Effect of miR-29a inhibition on ventricular hypertrophy induced by pressure overload.

Abstract

To investigate whether inhibition of miR-29a functioning prevents the hypertension-induced ventricular hypertrophy and fibrosis. Patients diagnosed with hypertension and left ventricular hypertrophy were recruited for the study. Serum levels of miR-29a were determined by RT-PCR. Levels of serum matrix metalloproteinase-9 (MMP-9), collagen type I and III (PINP and PIIINP) were determined by double-antibody enzyme-linked immunosorbent assay. Mouse model of transverse aortic constriction (TAC) was established. 7 days after surgery, TAC mice were injected intraperitoneally with antagomir miR-29a or vehicle once a day for 3 days. After 4 weeks of surgery, animals were sacrificed and cross-sections of the hearts were stained and evaluated for hypertrophy and fibrosis. The expression of the protein markers of hypertrophy and fibrosis was determined by immunoblotting.
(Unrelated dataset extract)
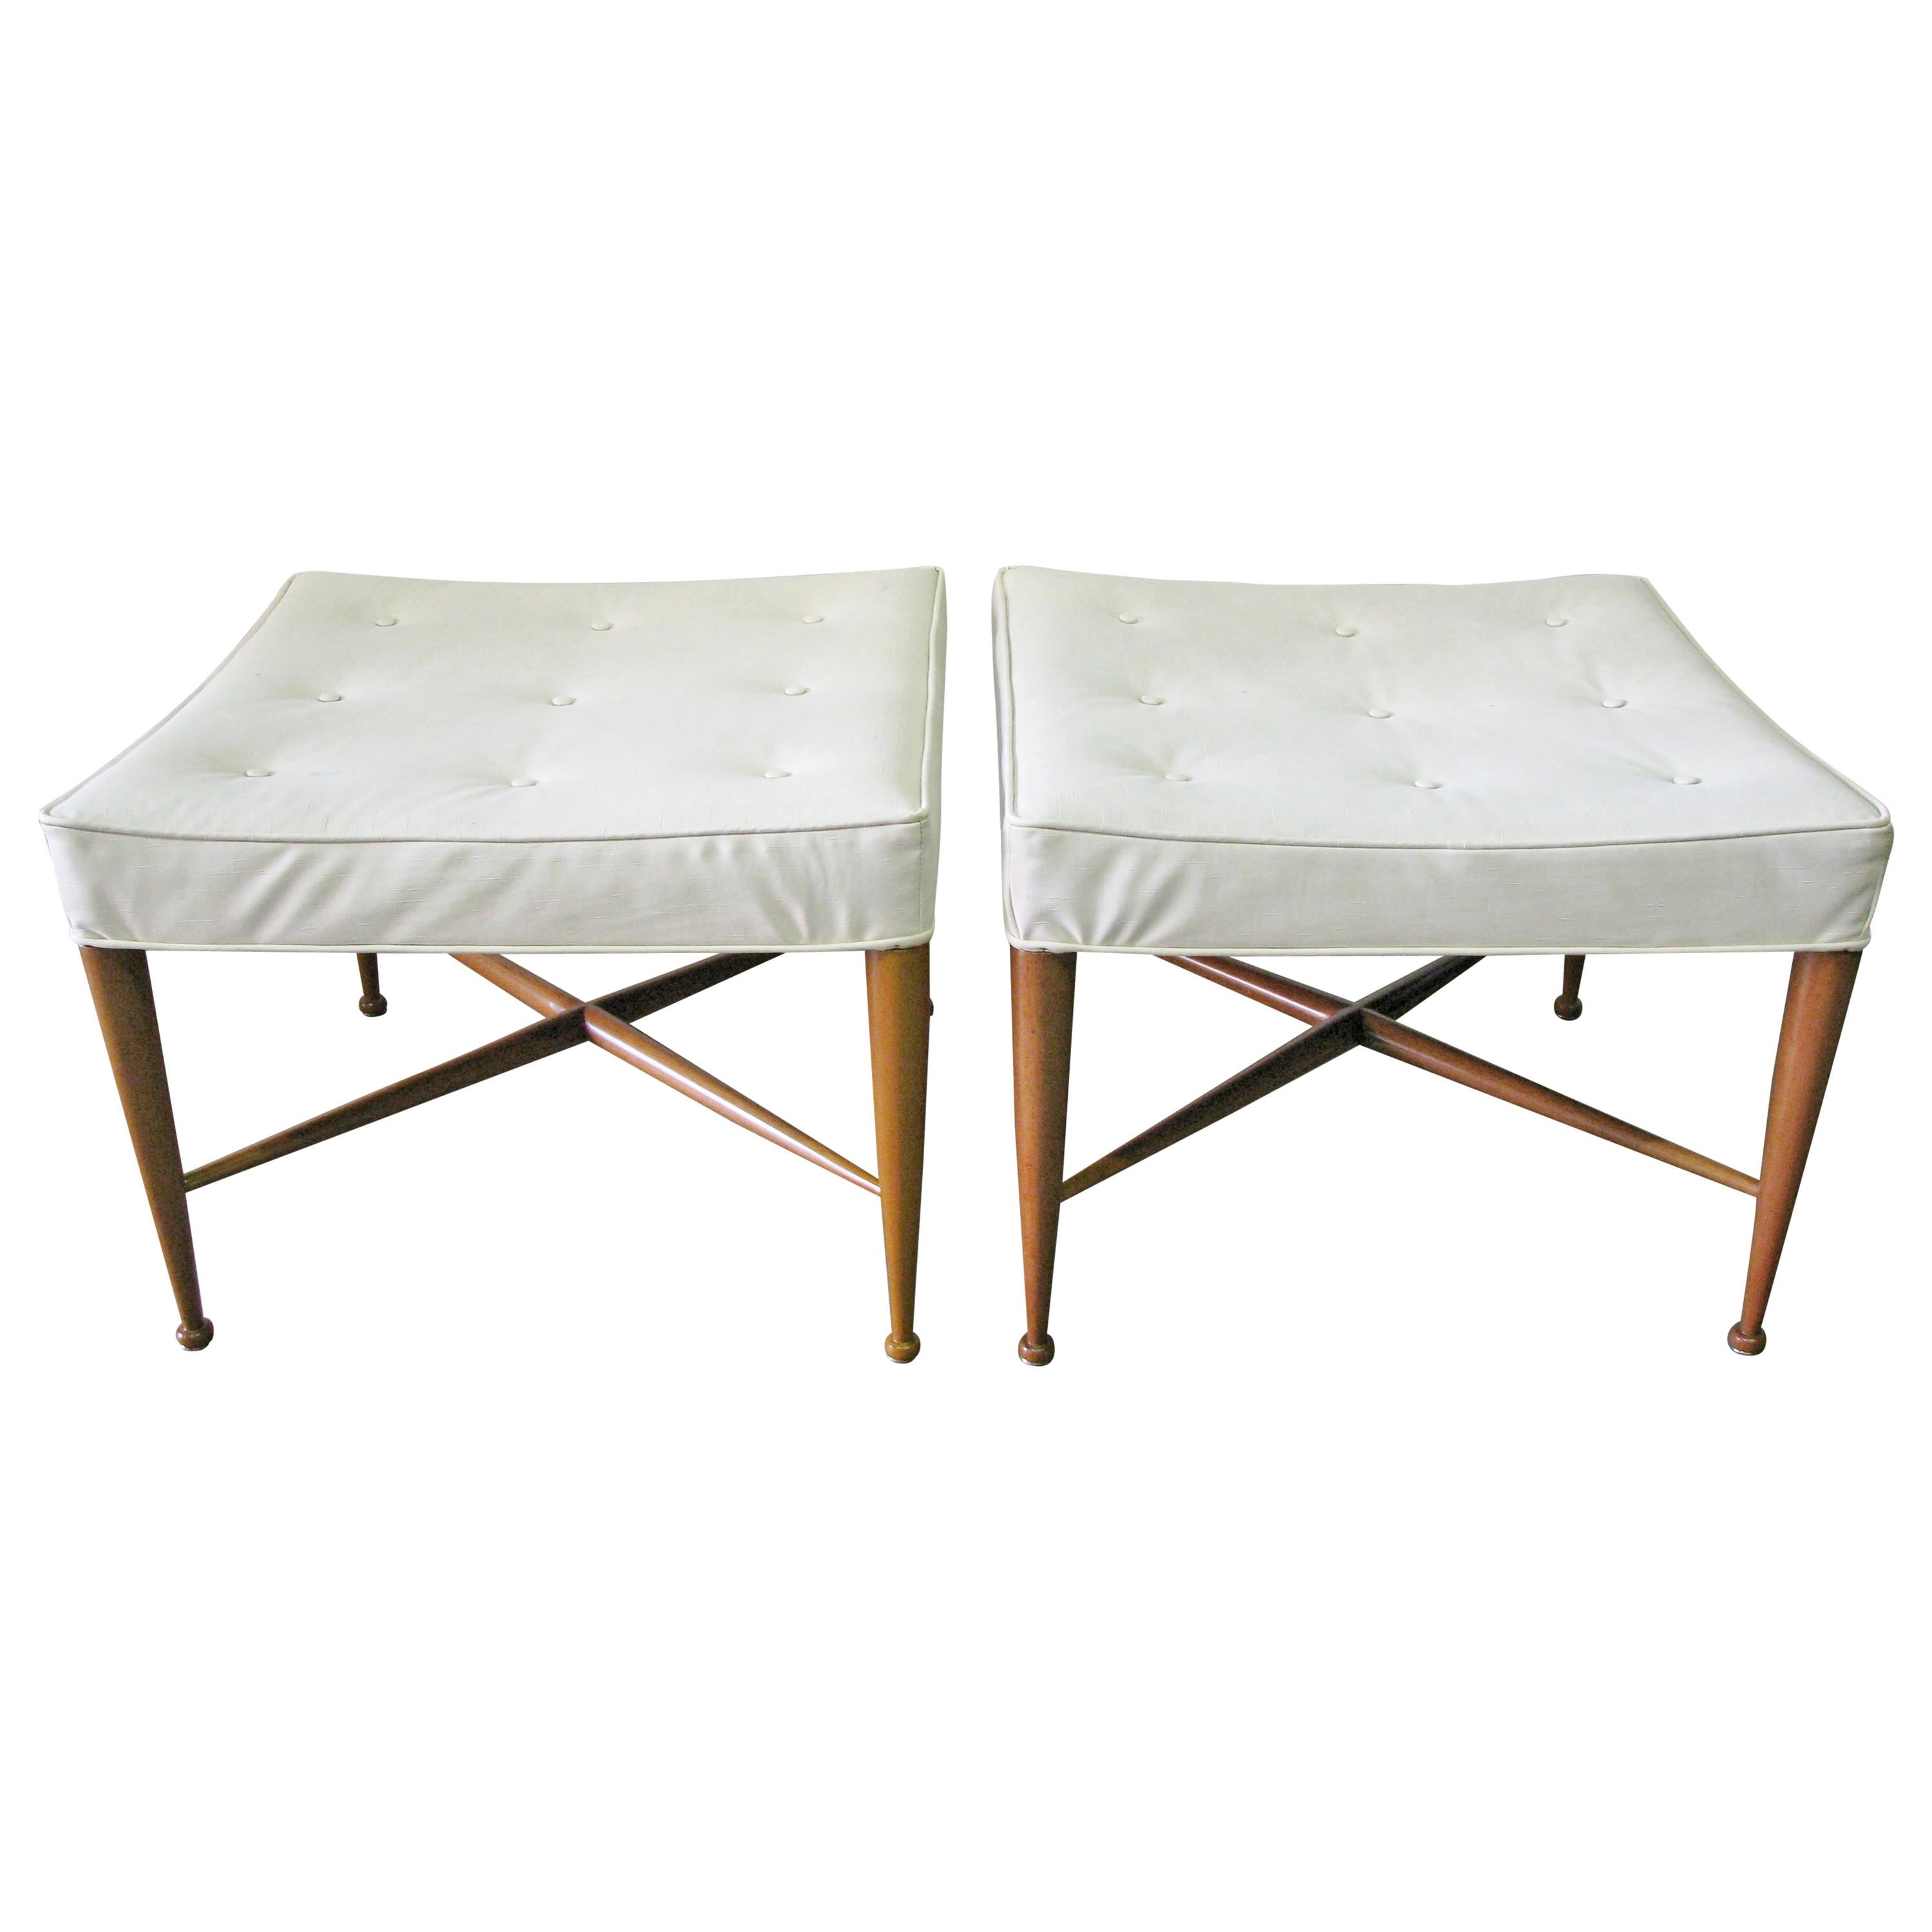 Pair of 1950s Edward Wormley for Dunbar "Thebes" Stools, Original Upholstery im Angebot

The serum level of miR-29a in hypertensive patients with left ventricular hypertrophy was significantly higher than those in patients with hypertension alone (p < 0.05). The levels of serum miR-29a were positively correlated with those of PINP, PIIINP, and MMP-9 (r = 0.58, 0.45, 0.66, respectively, p < 0.05). In mouse model of pressure overload, the antagomir miR-29a was found to significantly suppress the hypertrophy of cardiomyocytes and the expression of ANP and β-MHC, the hypertrophy indices. Also, the ventricular fibrosis and expression of the marker proteins were blocked in antagomir treated mice. The inhibition of miR-29a was found to be effective in improving the ventricular remodeling and hypertrophy caused by pressure overload.